Posté le 05/05/2006 à 21:50

"et pour savoir lesquels utiliser en cas de DAPP par exemple, il faut commencer par en poser le diagnostic"
Je ne te contredirai sûrement pas sur ce point. Il n’est en effet pas normal que les pharmaciens puissent vendre des produits à usage systémique type lufénuron. Si il s’avérait que l’animal soit sujet à une DAPP, bonjour les dégâts.
"Les seuls conseils que vous pourriez être à même de prodiguer sont sur les produits à utiliser de façon préventive...et encore"
Je ne pense pas. Nous avons quand même suffisamment de notions pour aller au delà d’un simple conseil de prévention.
Prenons un cas pratique.
Une cliente arrive à la pharmacie parce que sa chatte présente des puces (n’importe qui il me semble est à même de reconnaître des puces sur le pelage d’un animal, on s’en assurera après un court interrogatoire). On commence par demander l’âge et surtout le poids de l’animal. Ceci sera important pour le dosage. On ne proposera sûrement pas à la cliente un produit à usage systémique car on n’est absolument pas formé pour diagnostiquer ou prévoir une manifestation atopique liée aux puces.
On proposera alors à la cliente un produit sans action systémique, bien toléré , qui est très utilisé et connu du grand public comme le fipronil en spray.
On vérifie avant le dosage en fonction du poids de l’animal ainsi que l’éventuelle spécificité canine du produit car on sait très bien qu’il ne faut pas utiliser des produits spécifiques pour chiens aux chats (ce qui est plus valable pour d’autre classes d’antiparasitaires comme les pyréthrinoides par exemple).
Ensuite on explique à la cliente que le produit n’agit pas contre les formes larvaires et les oeufs présents dans l’environnement.
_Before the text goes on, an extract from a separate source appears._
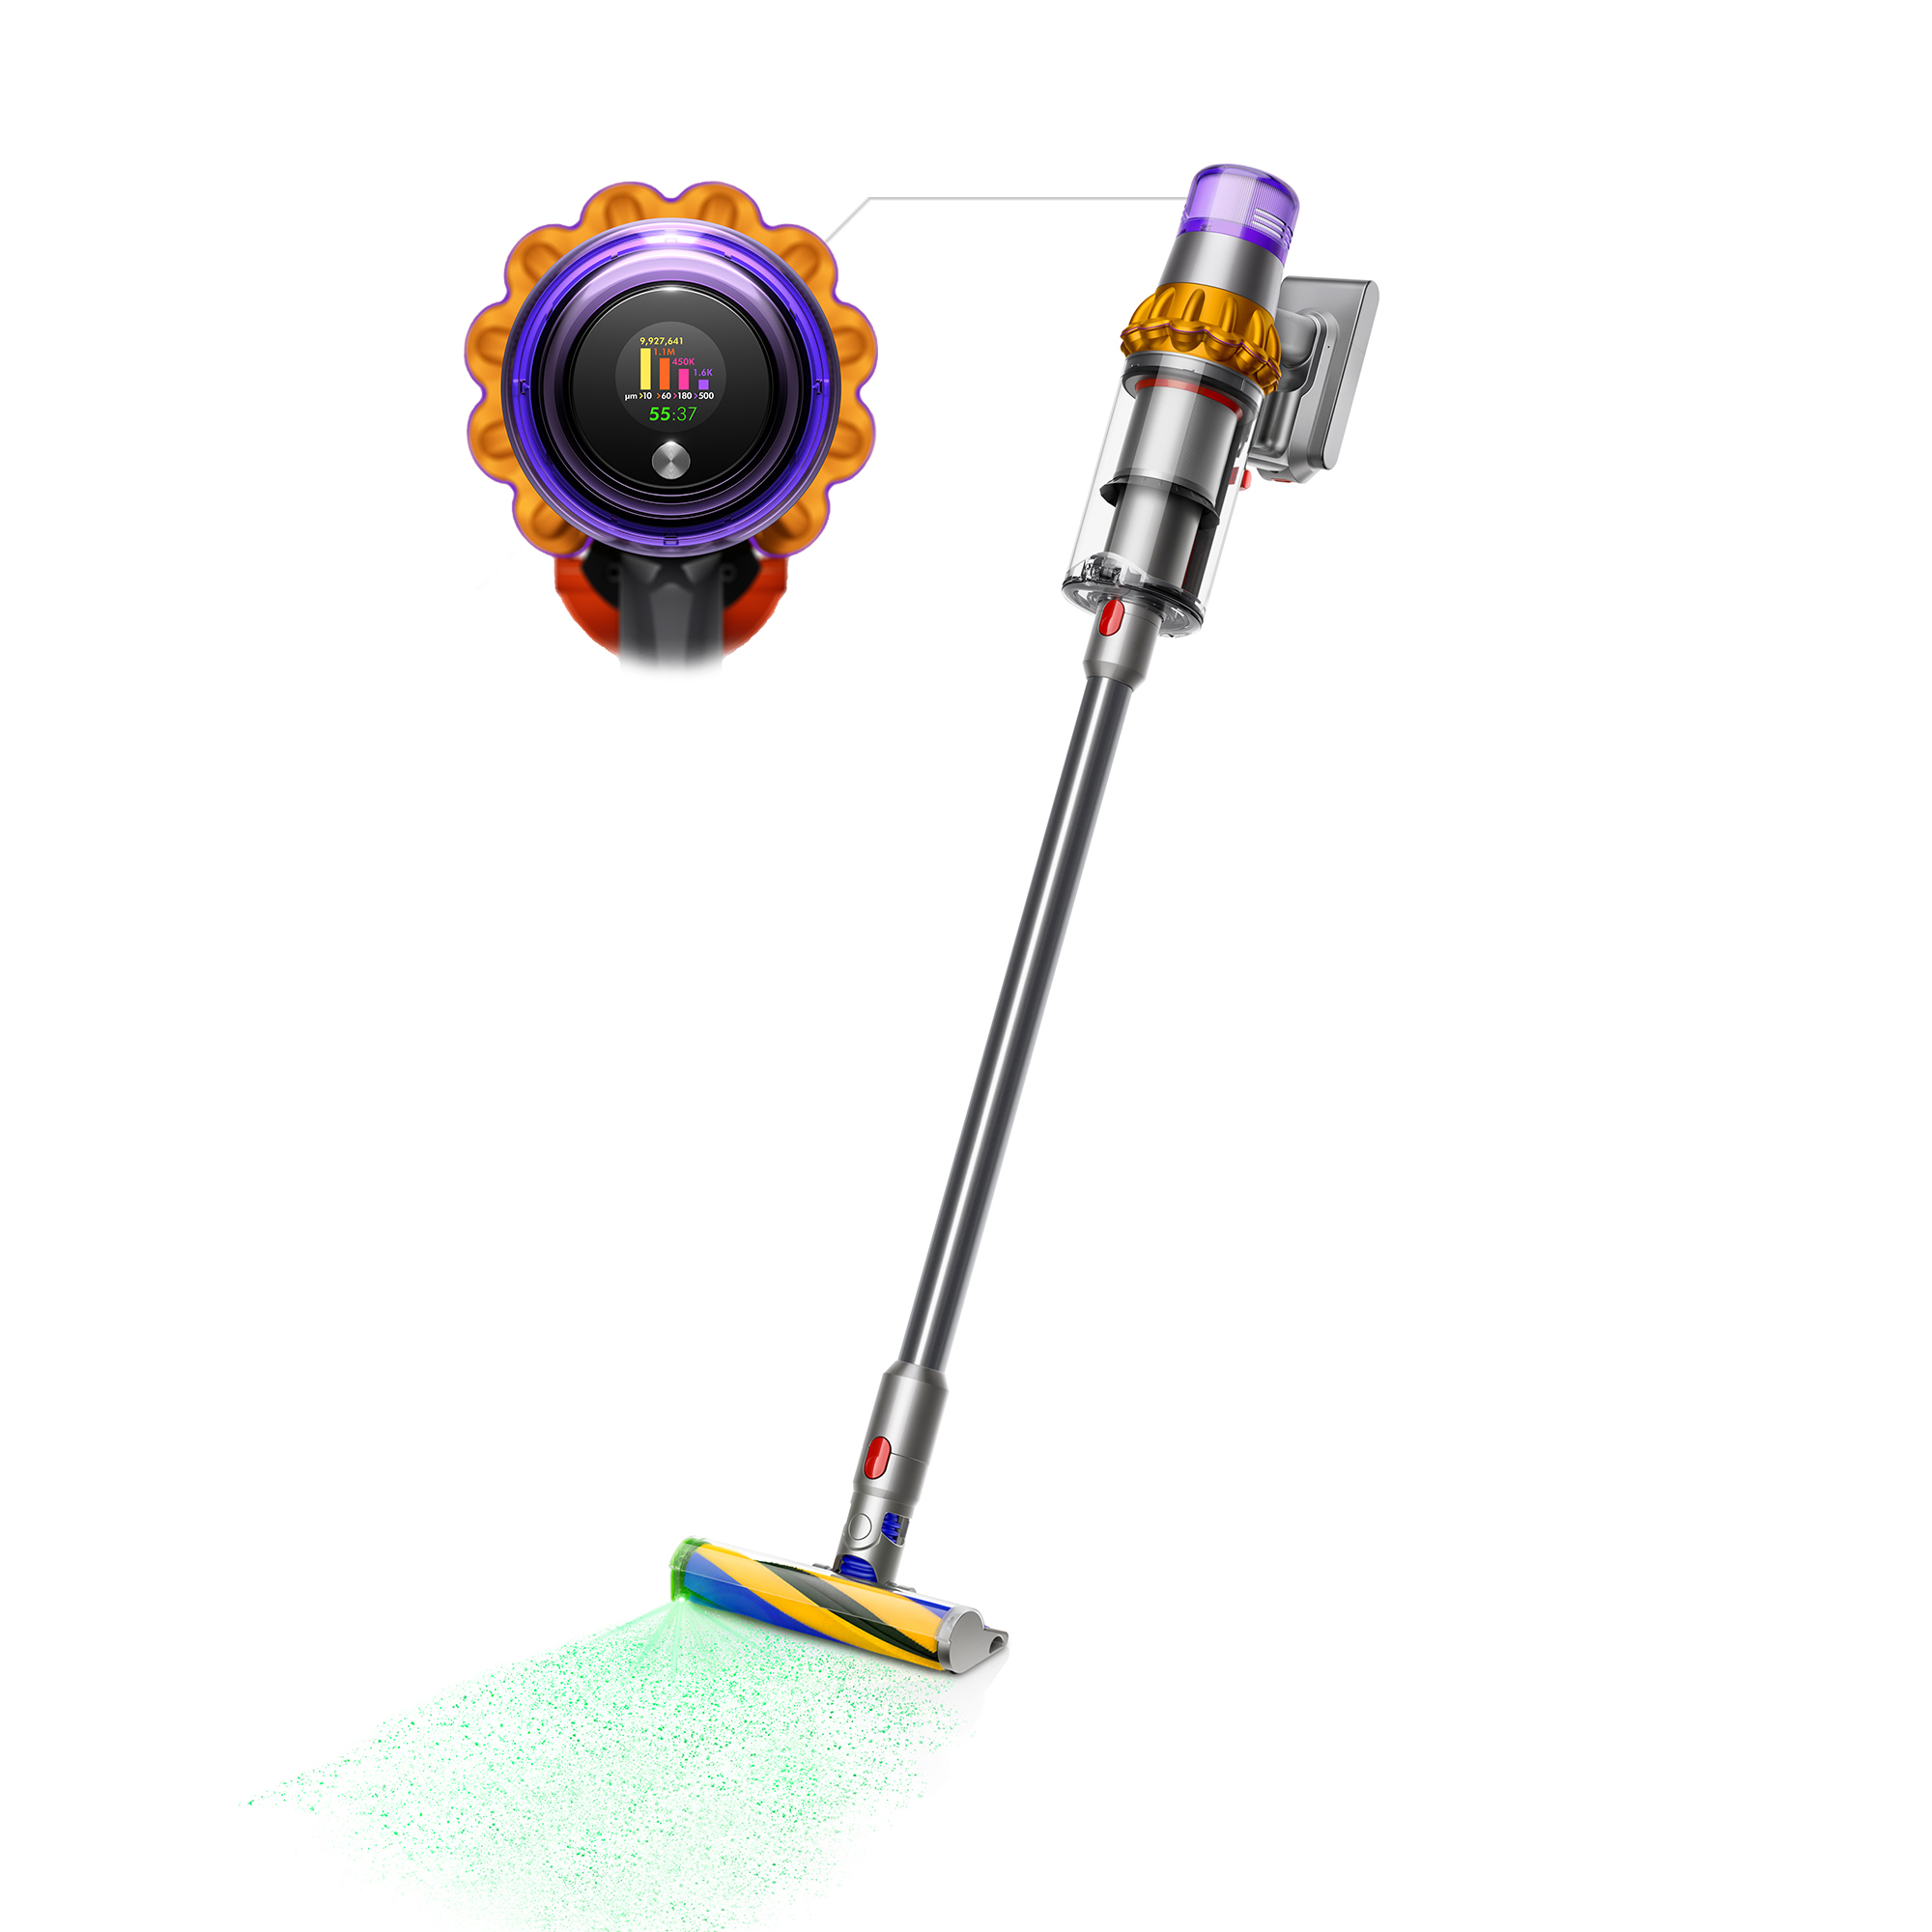 Dyson V15 Detect Vacuum | Yellow/Nickel | Previous Gen - image 1 of 8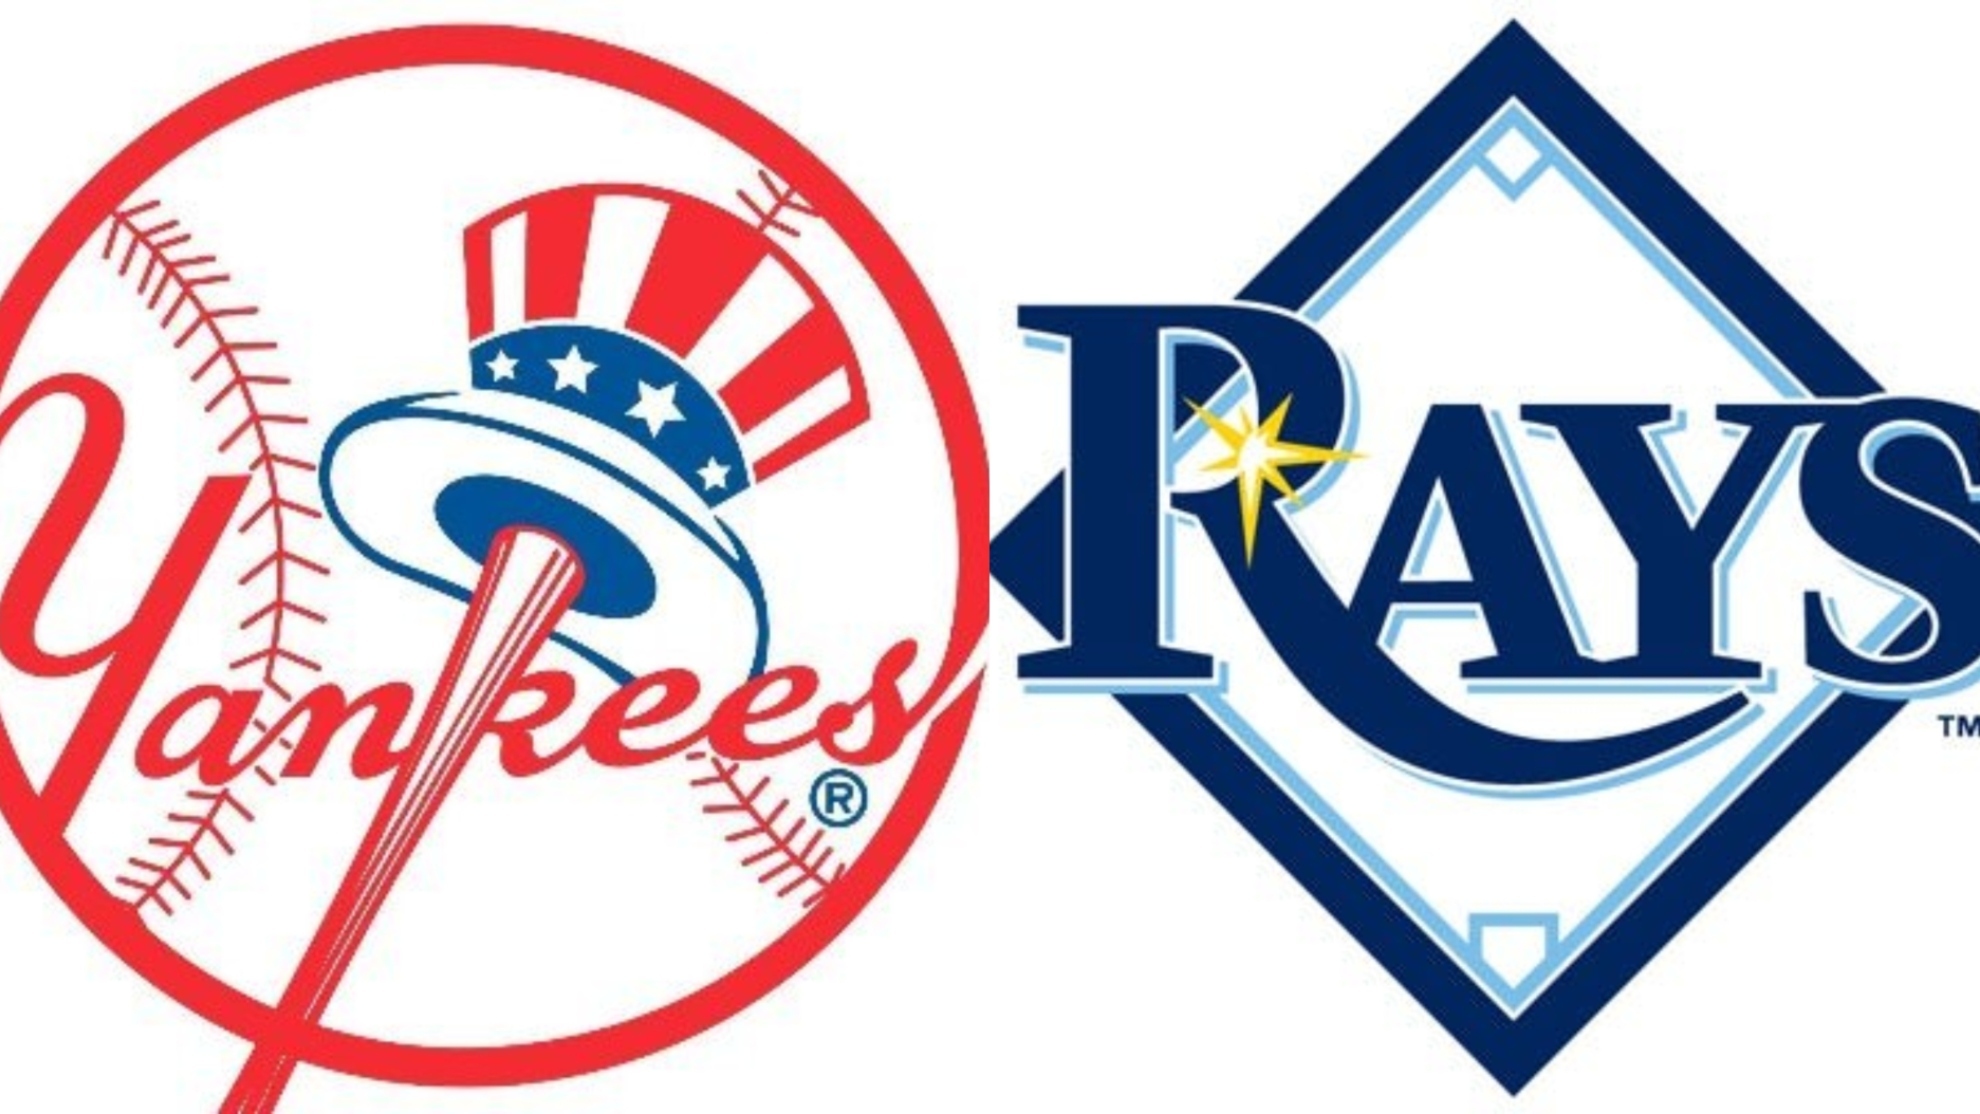 Yankees and Rays opt to post gun facts after Uvalde school massacre

On lui propose alors un produit inhibiteur de croissance en frogger (diffuseur) de façon à éradiquer non seulement les adultes sur l’animal mais aussi les formes résistantes dans l’environnement.
Avant de vendre tout ceci, on donnera bien sur des conseils à la cliente à savoir.
- Vérifier les conditions d’utilisation du fipronil (discuter avec la cliente pour voir si elle a compris) et lui dire de ne pas en abuser sur l’animal.
- Eviter d’appliquer le fipronil sur les muqueuses (nasales par exemple).
- Si la cliente a un lapin domestique chez elle, l’avertir qu’il ne faut surtout pas utiliser le fipronil sur celui-ci.
- Pour ce qui est du frogger, respecter les conditions d’utilisation de celui-ci (voir avec elle pour voir si elle a bien compris) et lui conseiller d’éviter la présence d’enfants ou d’animaux lorsque on utilise le produit dans une pièce.
- Enfin, on avertira que les puces peuvent véhiculer des maladies pour l’animal donc on conseillera à la cliente de surveiller son animal et de ne pas hésiter à l’emmener chez le vétérinaire si le moindre trouble apparaît.
- conseiller la cliente de consulter son vétérinaire en cas de prurit persistant chez l’animal.
Voila, y a t’il une faille dans mon conseil ? A priori je ne crois pas (je dis bien a priori), ceci démontre peut être que les pharmaciens n’y connaissent pas si rien que ça.
XELA> Pour ce qui est des contraceptifs, je suis d’accord avec toi. Nous ne sommes absolument pas formés quant aux conditions d’utilisation de la pilule contraceptive chez l’animal. Il est préférable je pense aussi d’envoyer les gens consulter leur vétérinaire.
Mais bon comme tu le dis beaucoup de pharmaciens n’en font qu’à leur tête alors qu’effectivement, ils n’ont pas les compétences nécessaires pour délivrer ce genre de produits. C’est avant tout une question d’argent je pense. L’être humain est corrompu on le sait tous. Espérons seulement que je ne prenne pas le même chemin et que je fasse passer l’intérêt de l’animal avant mes intérêts personnels.